既に深夜0時を過ぎ、校舎内は日中の騒がしさを想像出来ないほど静まり返っていた。
用務員の見回りも終わり、戸締りがされた校舎内には誰も残っていない…はずの校内で足音がした。
校舎から少し離れた位置にある体育館。
室内プールや部活棟とも繋がる通路を一人の女学生が歩いていた。
緩いウェーブのかかった金髪のロングヘアーを腰まで伸ばし、背筋をピンと伸ばして歩くさまは一見してお嬢様然とした雰囲気をかもし出している。
彼女は輝名学院高校指定の制服のポケットから真っ白な携帯電話を取り出し、歩を緩めずにどこかへと電話をかける。

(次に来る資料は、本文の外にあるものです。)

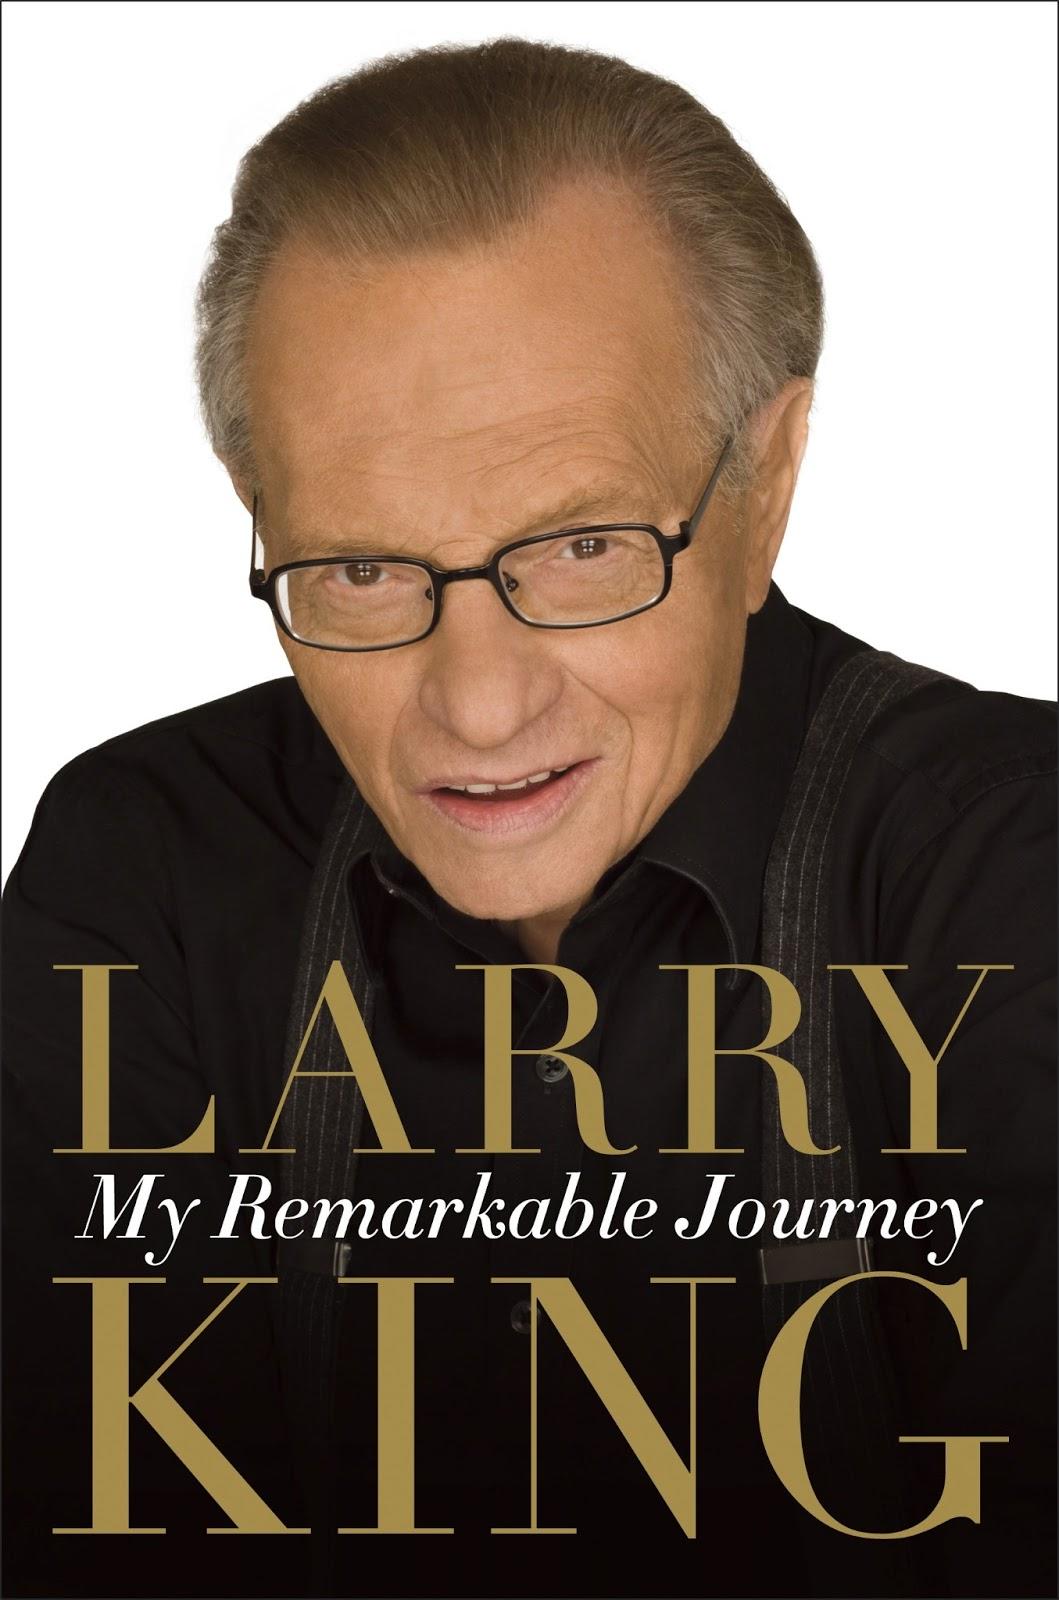 Larry King Hairstyle Men Hairstyles Men Hair Styles

「…誠くん?こちらは準備完了よ。いつでも始めて頂戴。」
最早声のみ聞けば名乗る必要も無しとばかりに要件のみを突きつける。
電話の相手もそれは承知しているようで、特に気にもかけずに話を続けた。
『りょーかい。真彩さんの方も準備は完了してるから始めちゃっていいよー。』
「C’est meilleur!(すばらしい!)」
上機嫌に呟き、携帯をポケットに仕舞う、と同時に彼女は予定通りの場所にたどり着いた。
「さぁ、今宵もパーティーの始まりですわ。」
体育館横にある剣道場の扉を前に彼女は不敵な笑みを浮かべた。
首の辺りから制服の内側を探り、静かにネックレスを引き出す。
外見に似合わない革素材のネックレスの先には3cmほどの緋色の球体がぶら下がっていた。
…と、その球体が台座から外れ、重力を無視してふわりと宙に浮かんだ。
彼女は、周囲を連れそうように廻る球体を見て満足そうに頷くと、剣道場の扉を引いた。
本来であれば鍵が閉まっているはずの扉は何の抵抗も無く開き、彼女を暗闇の中に招き入れる。
「この由唯・一美と踊る勇気のある方はいるのかしら?」
楽しげなステップとともに彼女の姿が闇に溶け、消える。
開け放たれた扉が静かに閉まり、再び周囲には静けさの支配する空間だけが残った。
2章 - 1 -
放課後。
宇星は保健室へと来ていた。
「それで?怪我したわけでもなさそうだし…今日は何の用?」
輝名学院高校保健室の主、風嶋・美弥子は冷静を装いつつ宇星に声をかけた。
動きやすいジーンズにノースリーブのシャツというラフな格好の上から白衣を着ており、少し茶がかかった髪を頭の後ろで結い上げている。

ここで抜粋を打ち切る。